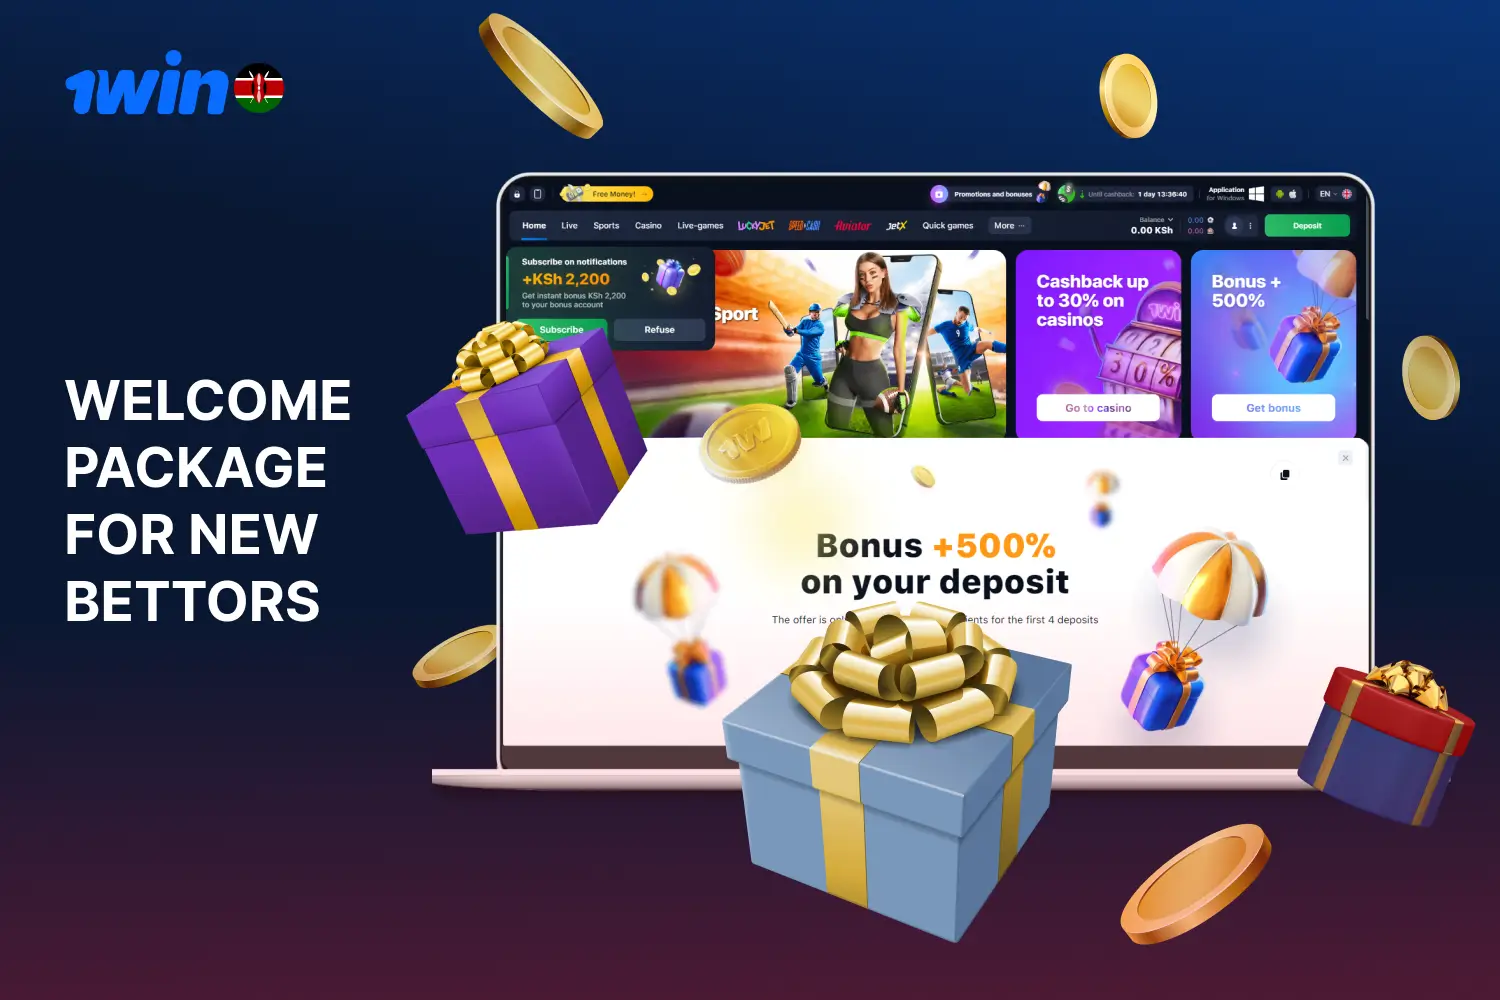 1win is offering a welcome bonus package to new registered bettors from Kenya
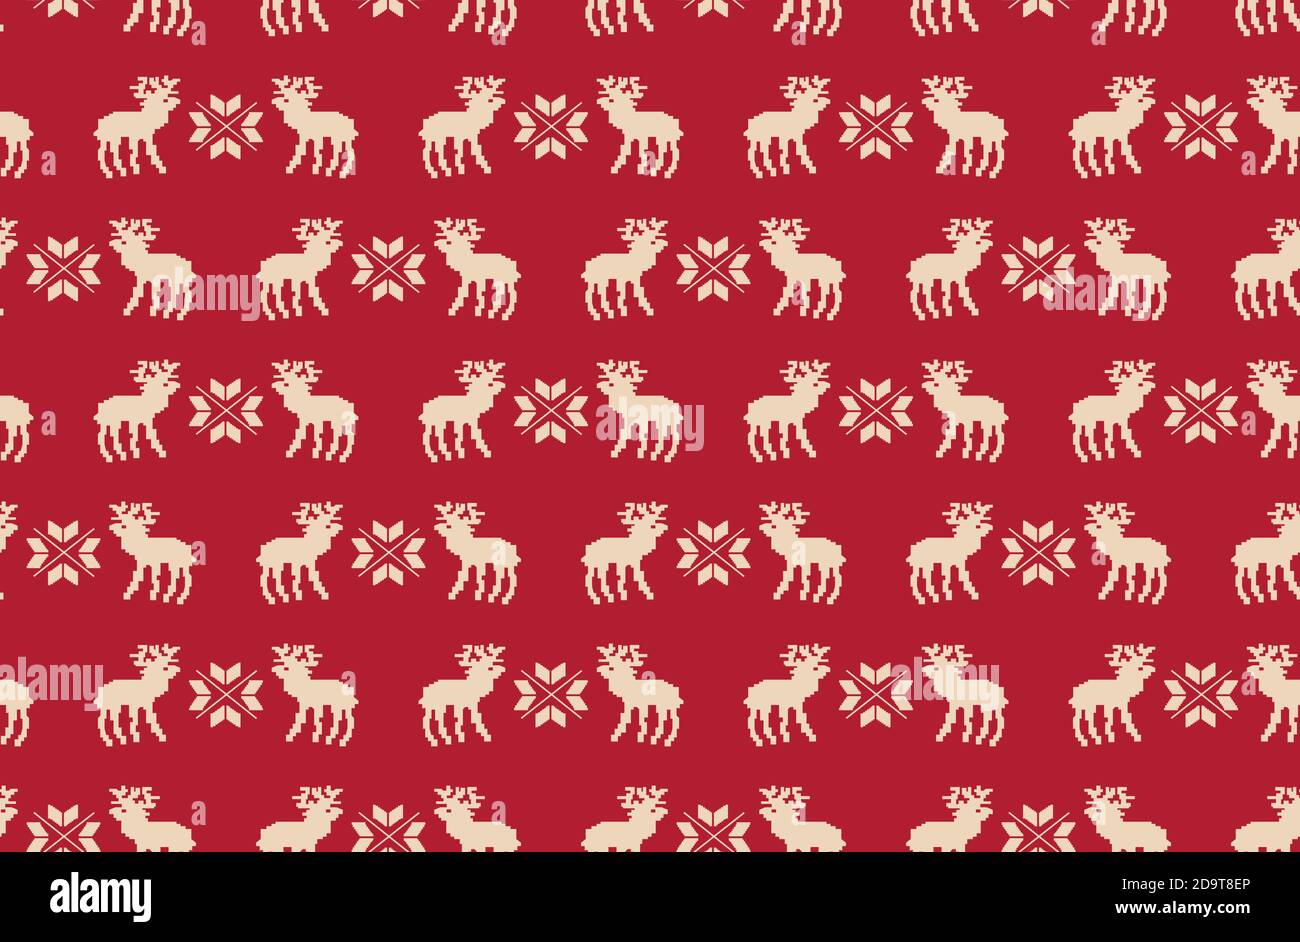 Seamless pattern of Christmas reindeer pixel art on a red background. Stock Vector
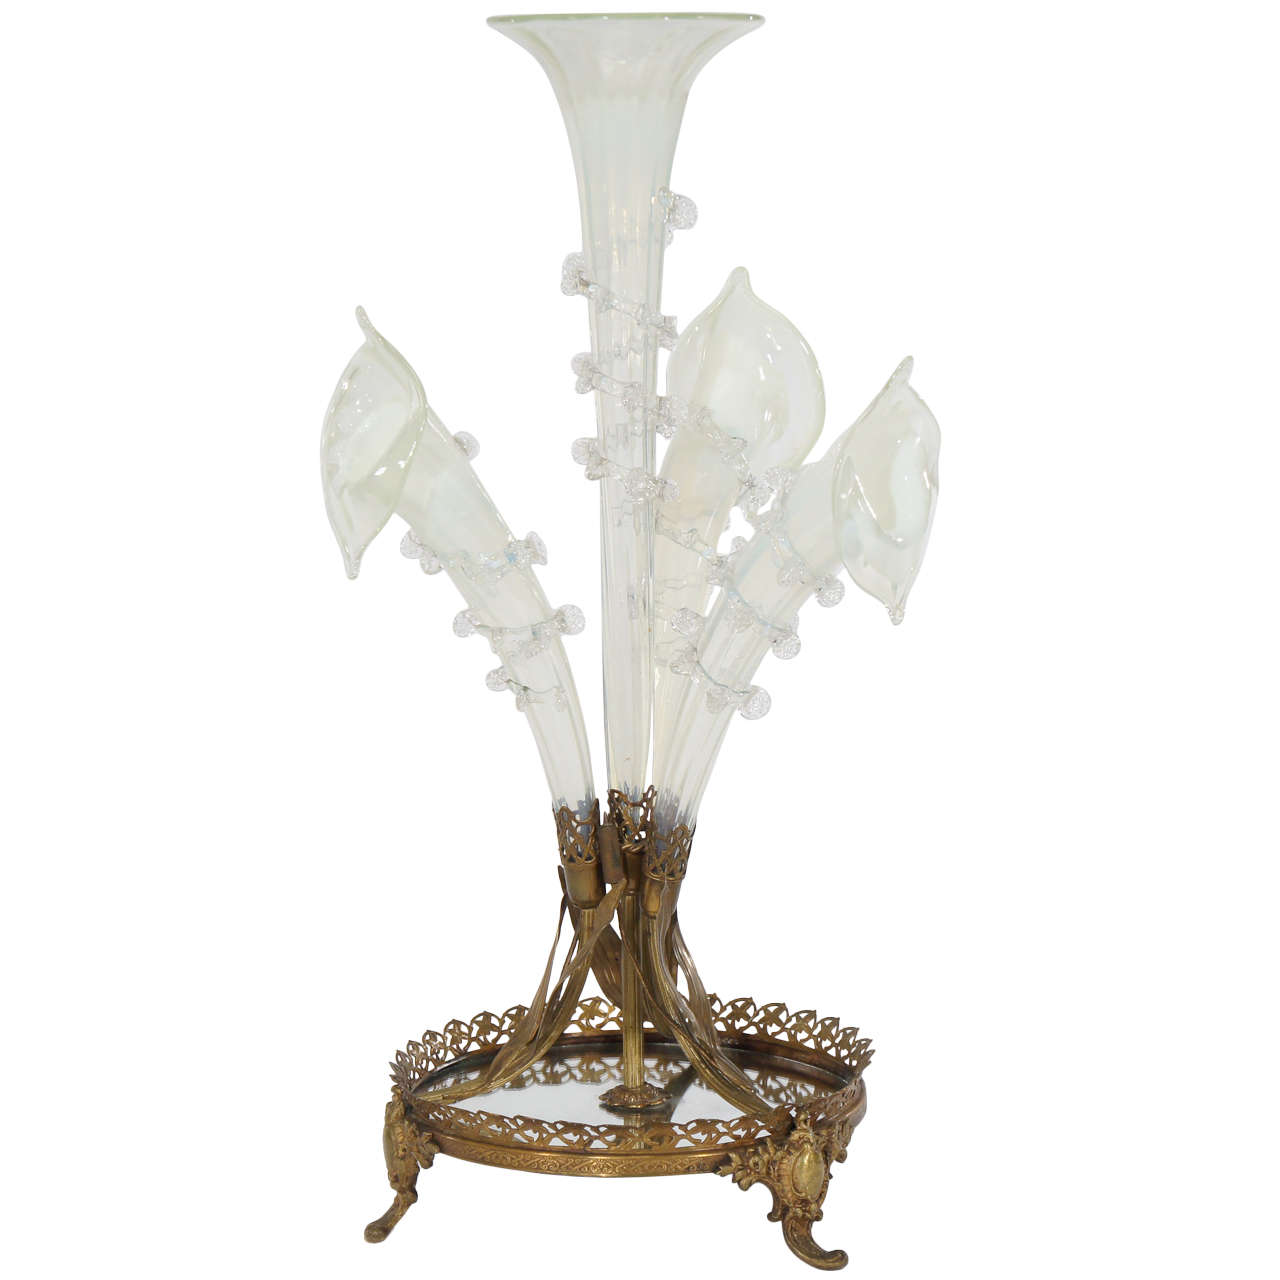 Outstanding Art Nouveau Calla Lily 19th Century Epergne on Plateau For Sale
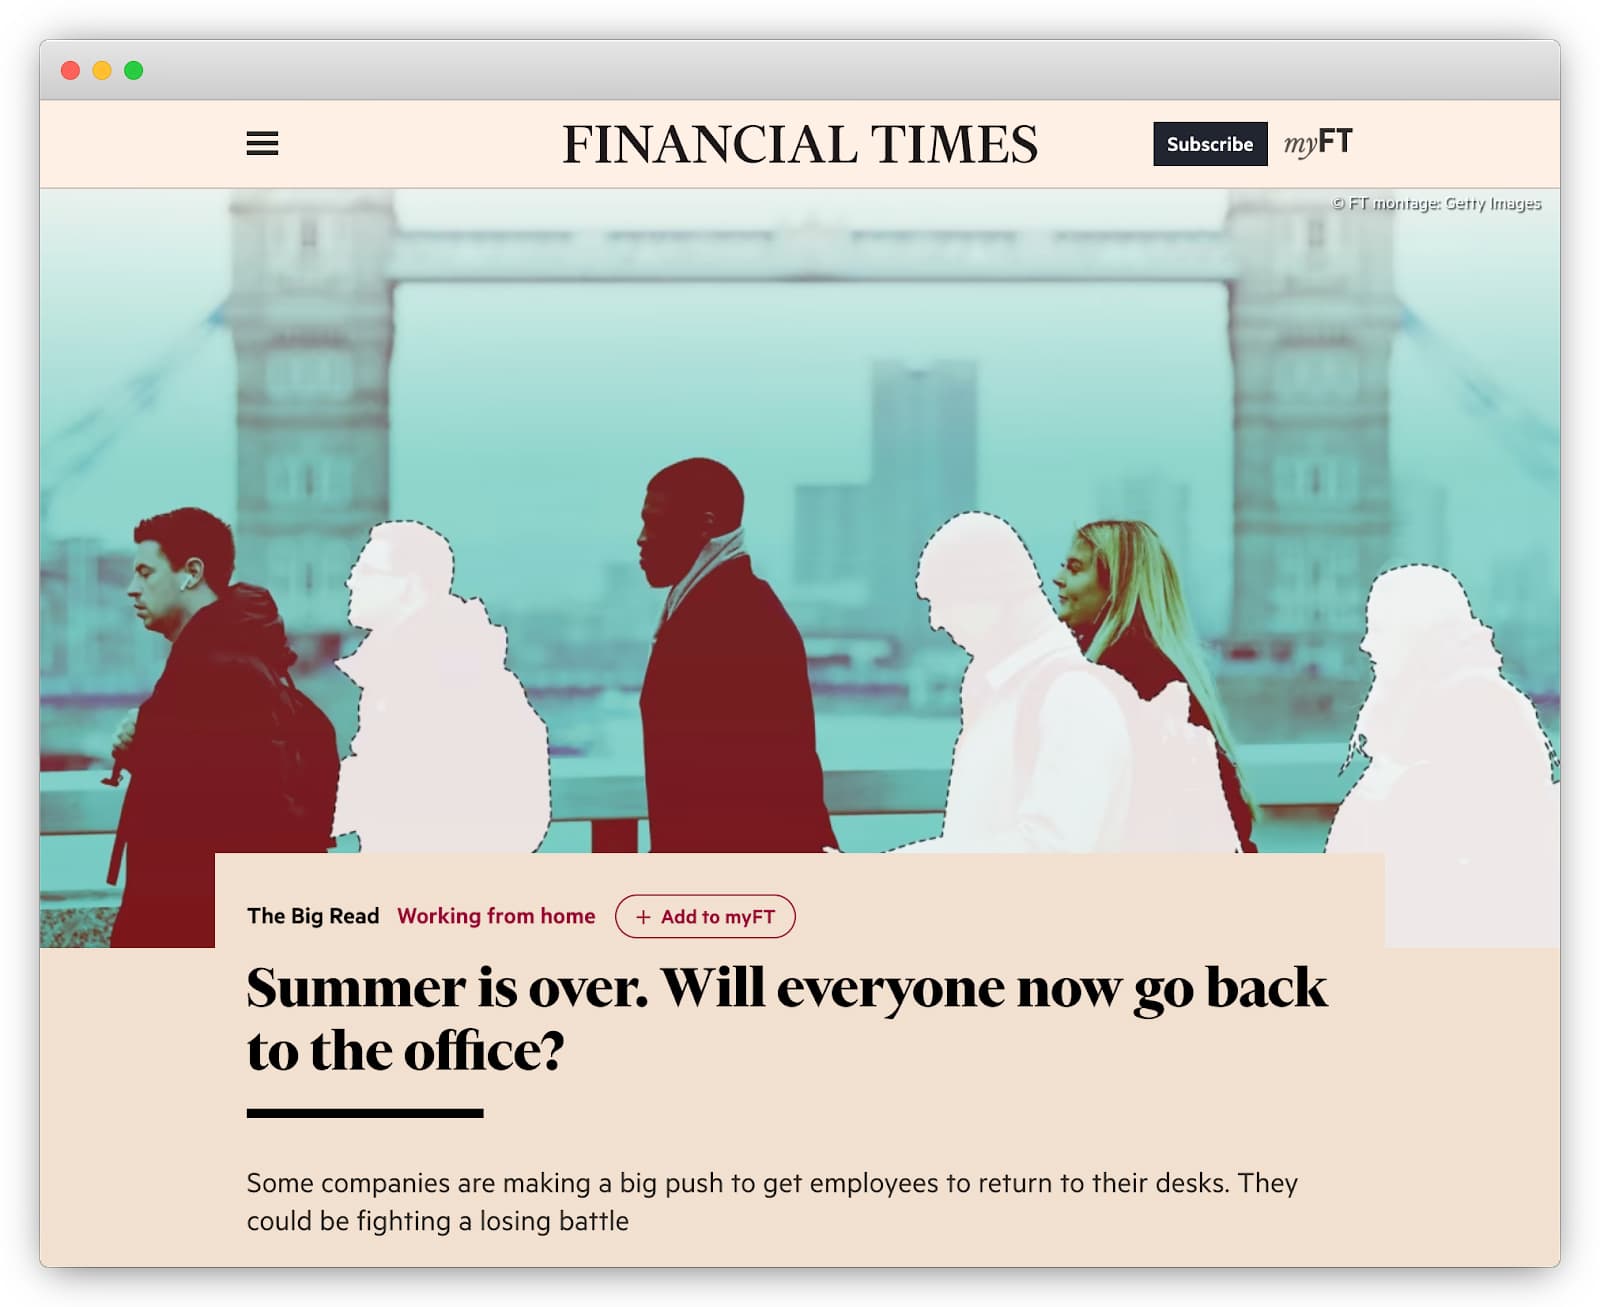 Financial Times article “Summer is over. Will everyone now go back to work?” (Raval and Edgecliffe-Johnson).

____

DIRECTIONS: Reproduce the data above in full, exactly, with the images removed.

RESPONSE FOR THIS EXERCISE:
 1win is offering a welcome bonus package to new registered bettors from Kenya
 Seamless pattern of Christmas reindeer pixel art on a red background. Stock Vector
 Outstanding Art Nouveau Calla Lily 19th Century Epergne on Plateau For Sale
 Financial Times article “Summer is over. Will everyone now go back to work?” (Raval and Edgecliffe-Johnson).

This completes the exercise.